Jaundice i.e. harsh enough to require a blood transfusion can also result in hearing loss. It is with the potential harm that high levels of bilirubin can affect the nerves of hearing.
Before understanding the relationship between Hyperbilirubinemia jaundice and hearing loss, it is important to know the core concept of Hyperbilirubinemia jaundice. So let’s begin with the introduction and continue our main topic.
What is Hyperbilirubinemia jaundice?
The Hyperbilirubinemia is a physical condition in which too much bilirubin founds in the blood. The bilirubin is formed when red blood cells break down into bilirubin, and the child is not able to get relief from bilirubin. It may build up in the blood, other tissues, and fluids of the baby’s body, known as hyperbilirubinemia because bilirubin produces a pigment or coloring. It causes a yellowing of the baby’s skin, eyes, and other tissues known as jaundice.
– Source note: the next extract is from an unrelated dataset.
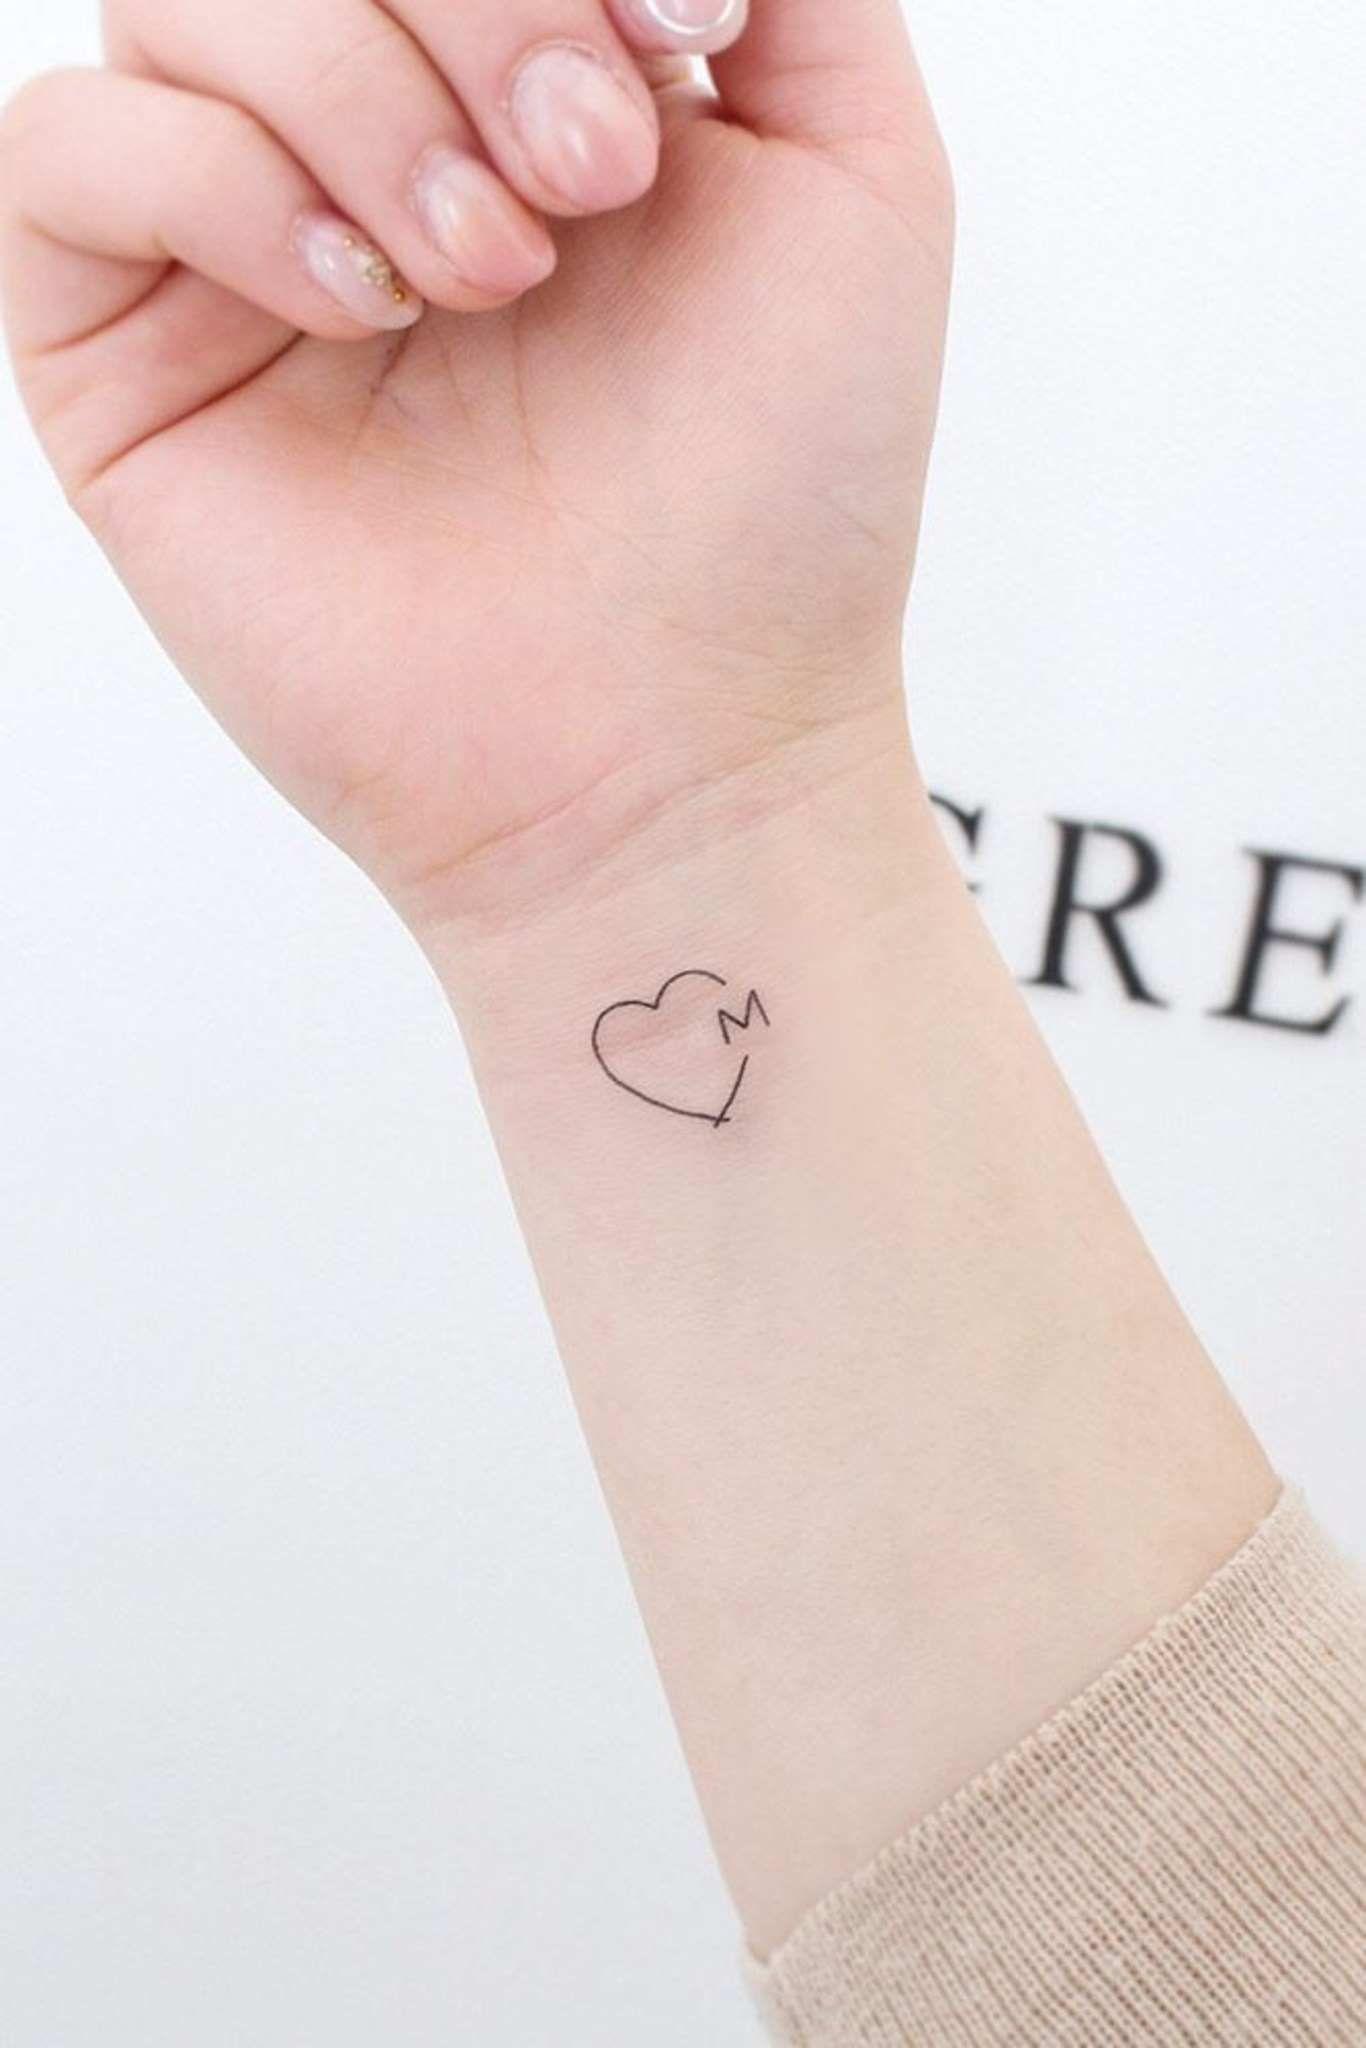 Rakkaus Tatouage Signification Et Representations Variees Tatouage Poignet Petit Tatouage Tatouage Discret

The relation between Hyperbilirubinemia jaundice and hearing loss
Now the question provokes our mind if Hyperbilirubinemia jaundice can lead to hearing loss. Based on our findings, neonatal hyperbilirubinemia can cause abnormalities in auditory evaluations, including behavioral audiometry. However, it seems that there is no clear and direct relationship between serum bilirubin levels and hearing thresholds. Therefore, behavioral hearing thresholds and hearing system impairment cannot be estimated solely based on maximum bilirubin levels at birth.
How Hyperbilirubinemia jaundice causes hearing loss
- Hearing loss and auditory dysfunction are well-recognized sequelae of hyperbilirubinemia.
- Bilirubin, at high levels, can damage auditory structures such as the brainstem auditory nuclei, inferior colliculi, spiral ganglion neurons, and auditory nerve fibers.
- The effect of hyperbilirubinemia on auditory dysfunction is generally dose-dependent, with greater dysfunction noted at higher total serum bilirubin (TSB) levels.
- The auditory pathway is the most sensitive part of the central nervous system to bilirubin-induced toxicity. Permanent sequelae may result from only moderately elevated total serum/plasma bilirubin levels. The damage to the auditory system occurs primarily within the brainstem and cranial nerve VIII and manifests clinically as an auditory neuropathy spectrum disorder.
The current condition showed that increase blood bilirubin levels in the infant period can be considered as one of hearing loss.
Thus, hyperbilirubinemia jaundice can lead to hearing loss as it has been cleared from the above points. As it adversely affects the nervous system and auditory system of the children.